Re: "canonical" URIs from noah_mendelsohn@us.ibm.com on 2002-03-20 (www-tag@w3.org from March 2002)

From: <noah_mendelsohn@us.ibm.com>
Date: Tue, 19 Mar 2002 21:21:33 -0500
To: Mark Baker <distobj@acm.org>
Cc: david.orchard@bea.com (David Orchard), www-tag@w3.org
Message-ID: <OFA24D20CE.D9077D55-ON85256B82.000D6A25@lotus.com>
Mark Baker asks:

>> Why is it (comparing anyUri's) any of XML's business?

Because schema has an "enumeration" facet which allows you to build 
"enumerated" subtypes.  The question is, if I build a subtype of anyUri 
that accepts only:

"http://www.ibm.com"

will it also accept uppercase?  That's surely a question for which schema 
needs an answer.  The other place this comes up is in the so-called 
key/keyref constructions, where we can assert that the value of one 
element or attribute must match that of another somewhere else in the 
document. 

David's proposal, with which I concur is "no", schema shouldn't have to 
know about every URI scheme and its rules.  For purposes of the 
enumeration facet, string compare it is.  I think anything else is 
impractical within the sorts of settings where schema validation is done. 
Schema is explicit that the notion of equality that we have for our 
datatypes is not always that which might be wanted for applications (let's 
not start a schema flame war here.)  We have some related problems in 
dealing with -0.0 and +0.0 in IEEE floating point, for example, though I 
don't remember the details.  We fully expect that applications using 
schema validated data will use exactly the IEEE rules of negative and 
positive zero, as we would expect web applications to respect the scheme's 
rules for URI comparison.  When computing enumerations, we need to make 
some practical compromises.

------------------------------------------------------------------
Noah Mendelsohn                              Voice: 1-617-693-4036
IBM Corporation                                Fax: 1-617-693-8676
One Rogers Street
Cambridge, MA 02142
------------------------------------------------------------------







Mark Baker <distobj@acm.org>
Sent by: www-tag-request@w3.org
03/19/2002 09:19 PM

 
        To:     david.orchard@bea.com (David Orchard)
        cc:     www-tag@w3.org, (bcc: Noah Mendelsohn/Cambridge/IBM)
        Subject:        Re: "canonical" URIs


Dave,

> TAG members,
> 
> I don't see URI comparison officially listed as a TAG issue.  I'd like
> Joseph/Stephen's issue added to the TAG issues list.
> 
> Equivalence rules for URIs are defined by the URI scheme.
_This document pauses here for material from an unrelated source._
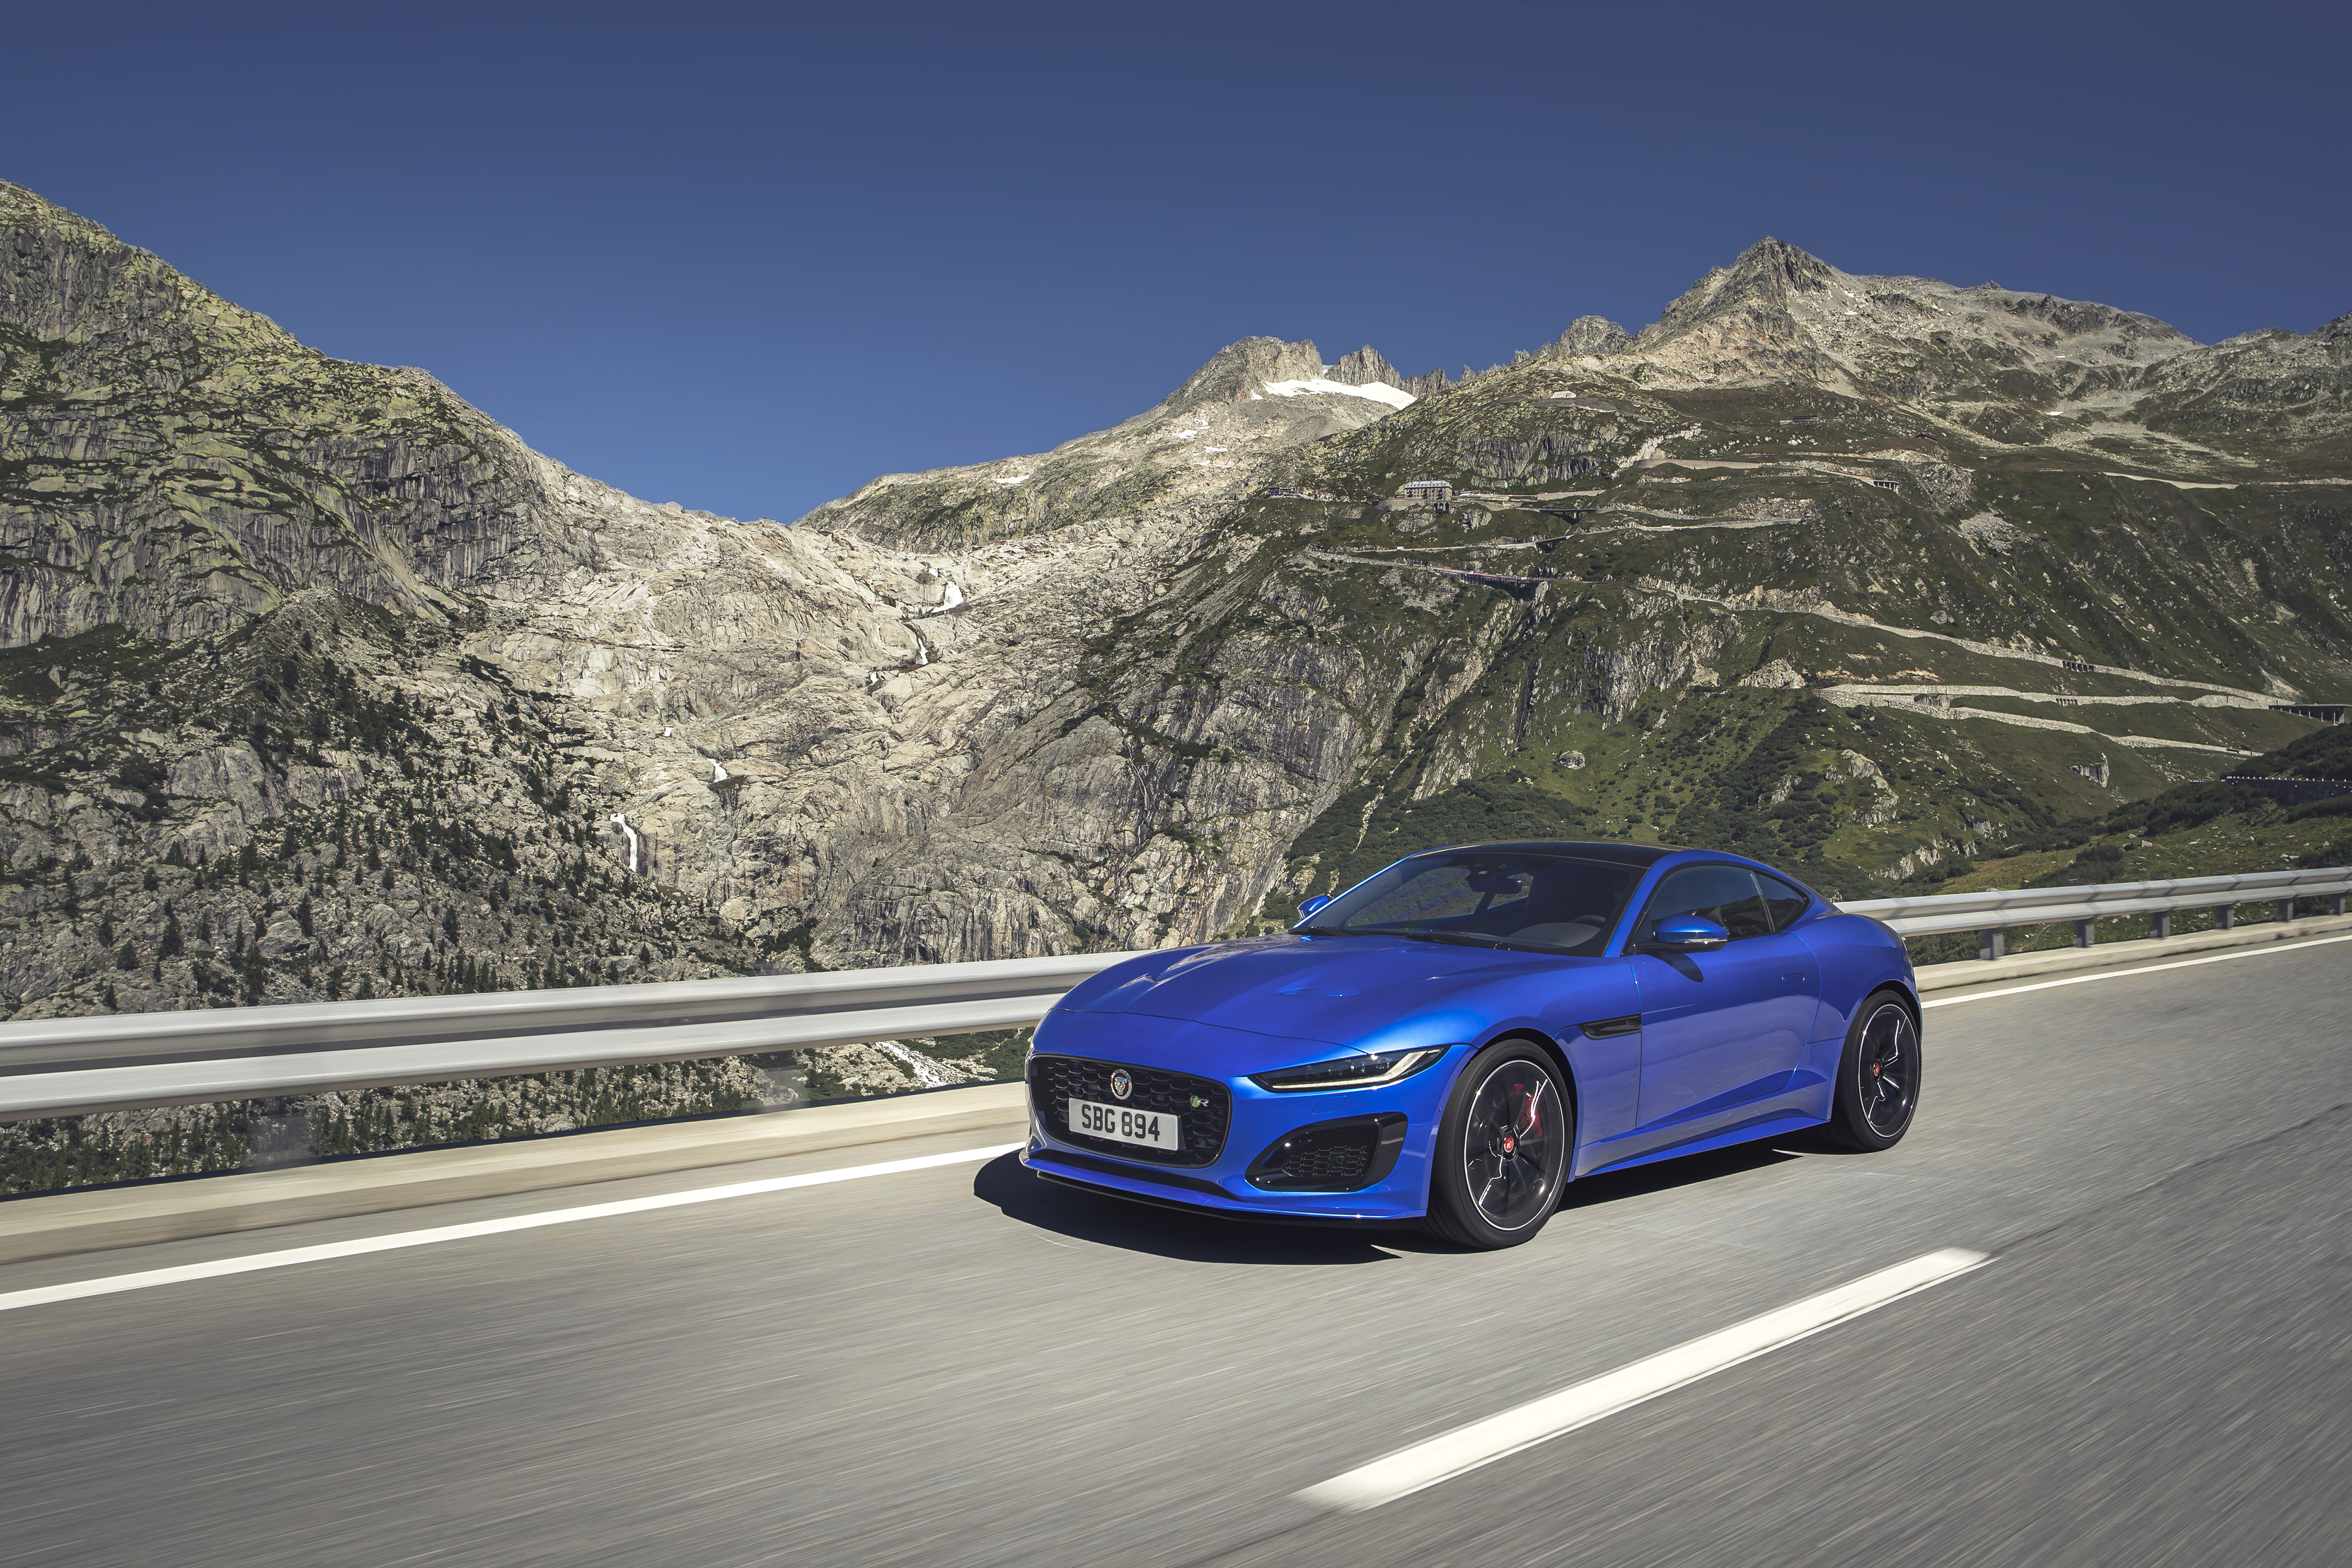 339255 07 jag f type r 21my velocity blue reveal switzerland 021219 05 28f35a original 1574864957

Not all of them.  DAML can be used to assert equivalence about any
resources.  HTTP redirection can be used for the same purposes, for
resources other than those using the HTTP URI scheme.

I recall a TimBL message where he enumerated the possible layers of
equivalence.  Can't find it though.

>  HTTP has a
> section on URI comparison.
>
> However, XML does not have a default comparison function for the XML 
Schema
> anyURI data type.  I think a reasonable approach would be to say that 
the
> default comparision function for anyURI is to use the HTTP URI 
comparison
> algorithm, but that it is overridable by any scheme.

Why is it any of XML's business?  RFC 2396 already says everything that
needs saying; that syntactic comparison is a function of the URI scheme.
If you don't recognize the URI scheme, you can only compare for an exact
match.

Of course, anyURI is a URI reference, not a URI.  In order to compare
two URI refs that aren't syntactically identical, I believe you would
have to dereference them, as the media type is presumably the authority
on whether the frag ids are case sensitive or not.  Oh joy. 8-/

MB
-- 
Mark Baker, Chief Science Officer, Planetfred, Inc.
Ottawa, Ontario, CANADA.      mbaker@planetfred.com
http://www.markbaker.ca   http://www.planetfred.com
Received on Tuesday, 19 March 2002 21:37:47 UTC